His wife Shafeeqa shares Bazaaz’s feelings. “I just gave birth to him. He was the son of Kashmir. Whenever I would remind him that he was our only son, he would say that his nation needs him more than I,” says Shafeeqa.
Shafeeqa says there were early signs about her son’s inclination. “When I would take him to school or somewhere else, he would collect pebbles from streets and throw them at military vehicles. At the time I assumed that his behaviour was the result of the changing scenario of Kashmir. But now I realize I was bringing up a martyr.”
The couple live with their married daughter and spend time with their grand children.
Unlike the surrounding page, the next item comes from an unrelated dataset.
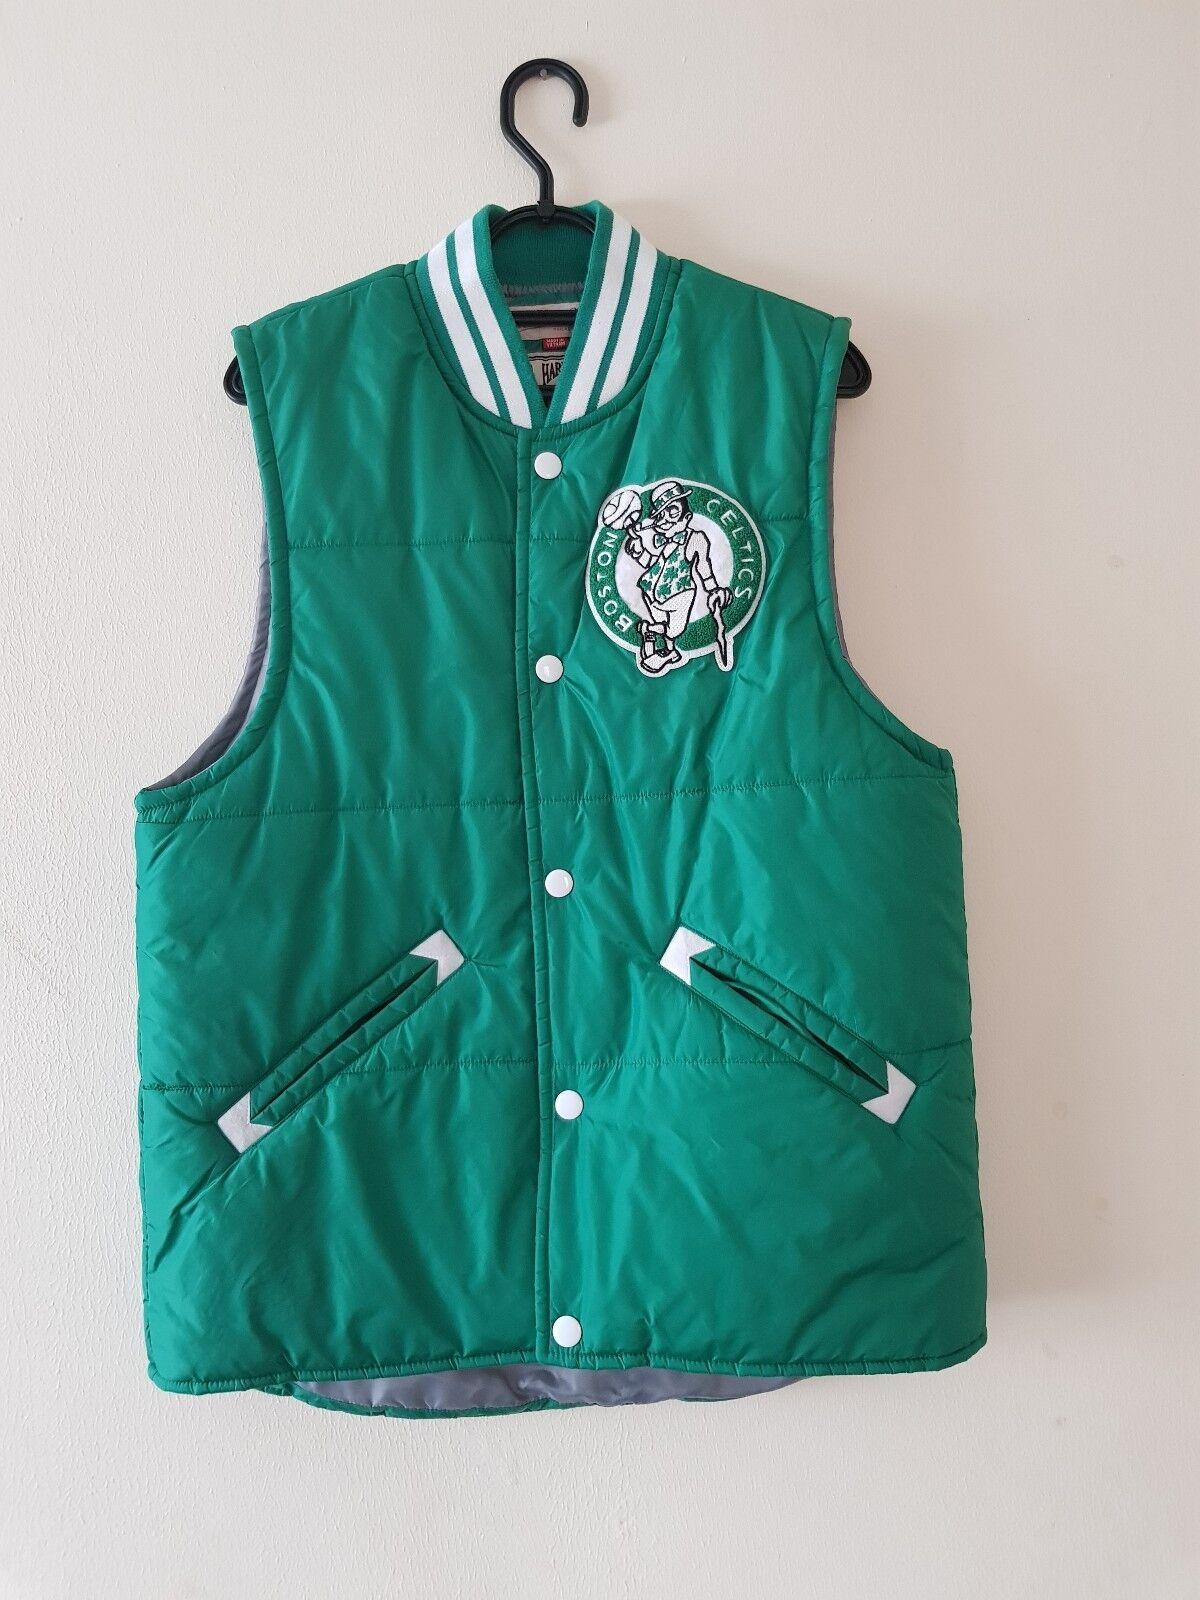 Mitchell and Ness Boston Celtics NBA Tailgate Vest Team colors size Medium
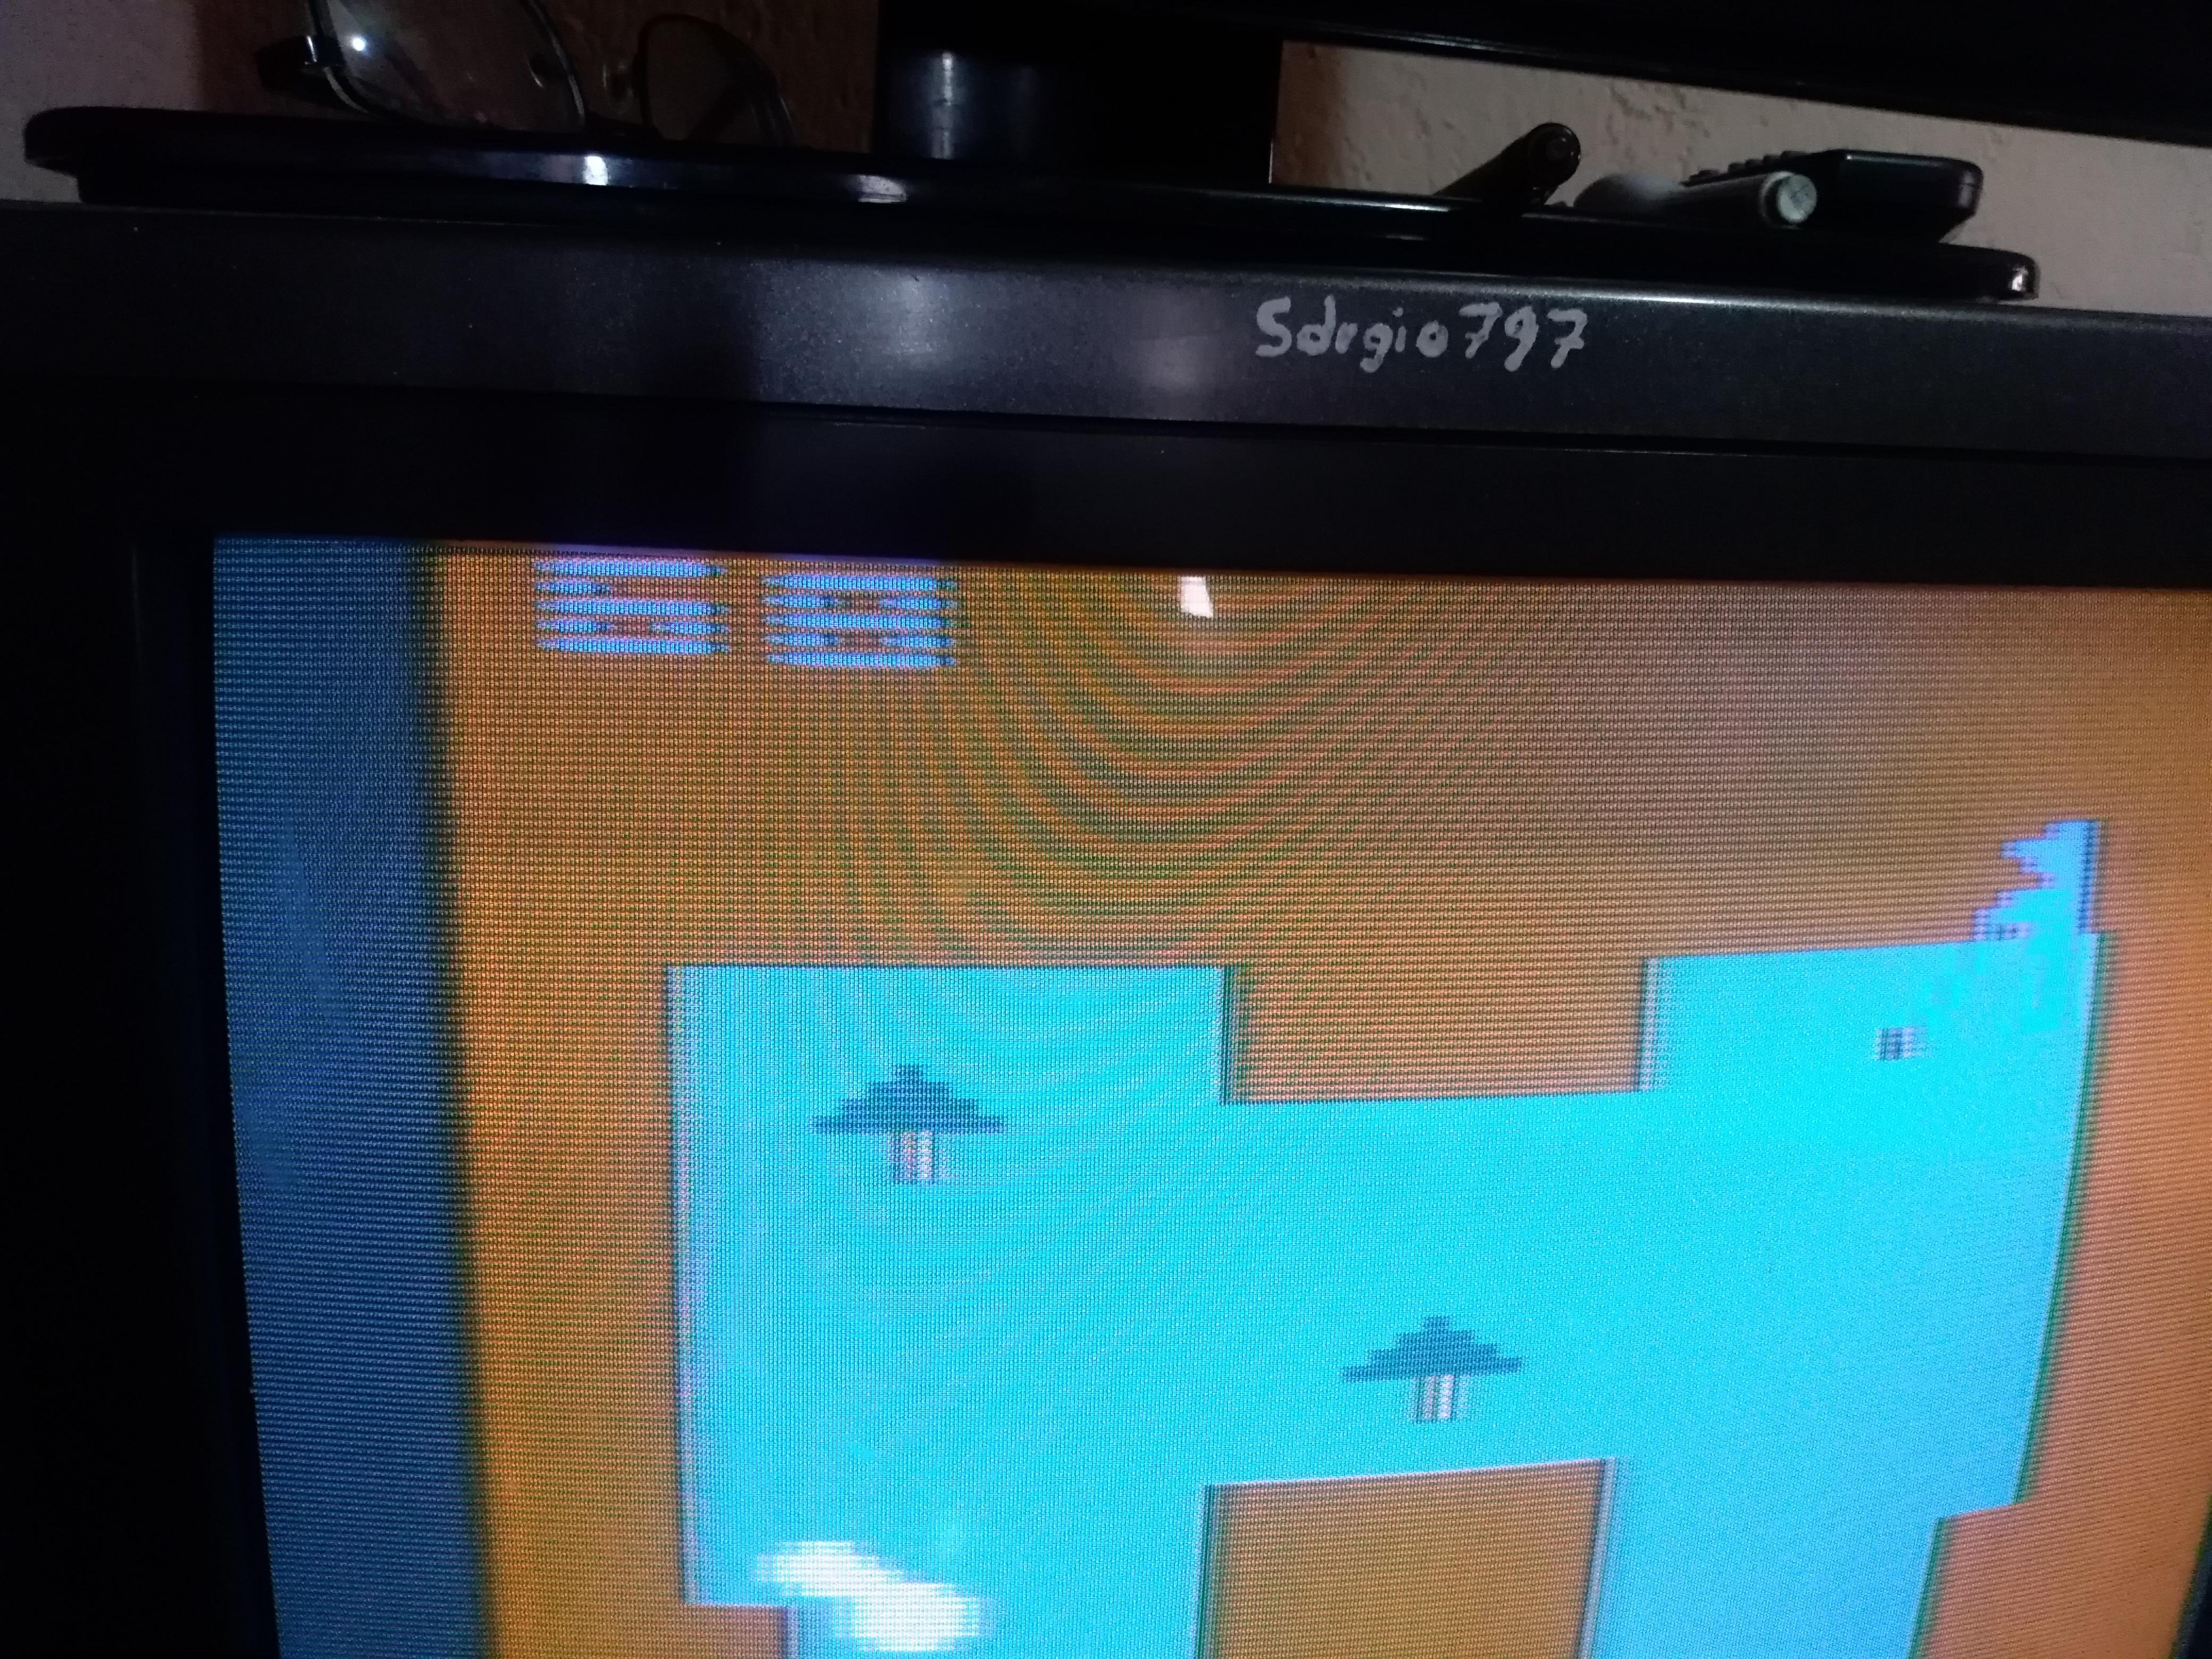 Sdrgio797: Golf  (Atari 2600 Novice/B) 68 points on 2020-06-30 14:50:17

The children in the family are crazy about Aijaz Bhaijan. They swear upon his name. From reading habits to hair style, they copy everything from him. The younger one, 3-year-old Haazim is envious of his elder brother Jaazim. His grandparents say that Jaazim looks exactly like his uncle.
Ask the five-year-old Jaazim where his uncle is, he blurts out, “He is at Eidgah, where people play football and cricket. But mamu is dead. In the grave. Army killed him because he was a Mujahid.”
As Jaazim speaks, Haazim blurts out, “Aadhi roti khayenge, sar nahi jukayenge (we will eat half meals, but won’t bow our head)”. More slogans follow.
Shafi says that the inspiration of maintaining Martyrs Graveyard arose with an incident at the graveyard itself. “Once I was sitting at the graveyard when an old lady asked for my help. A foreign documentary film maker had come to the graveyard. He had seen the old lady crying near his son’s grave and was offering her a 500 rupee note. She begged me to tell him that she would prefer starvation over selling his son’s blood. I know her now, that old woman has literally nothing at her home, just a dream of seeing Kashmir free,” Shafi recalls.
“Another sister of a martyr I know is of my daughter’s age and like her, she too had refused a government job. When I visited her place she started fiddling with an empty stove. She had no kerosene to prepare a cup of tea. Next day I bought a gas stove and told her that her brother had paid for it before his death.”
The old couple have lost their most precious possession. They are left with only a grave and a lifetime of memories, memories that sometimes test their patience.
“Some months back we visited the place near Parimpora where our son was killed in fake gun fight. I kissed the place, searched for my lost son but came back empty handed,” says Shafeeqa, breaking into cries.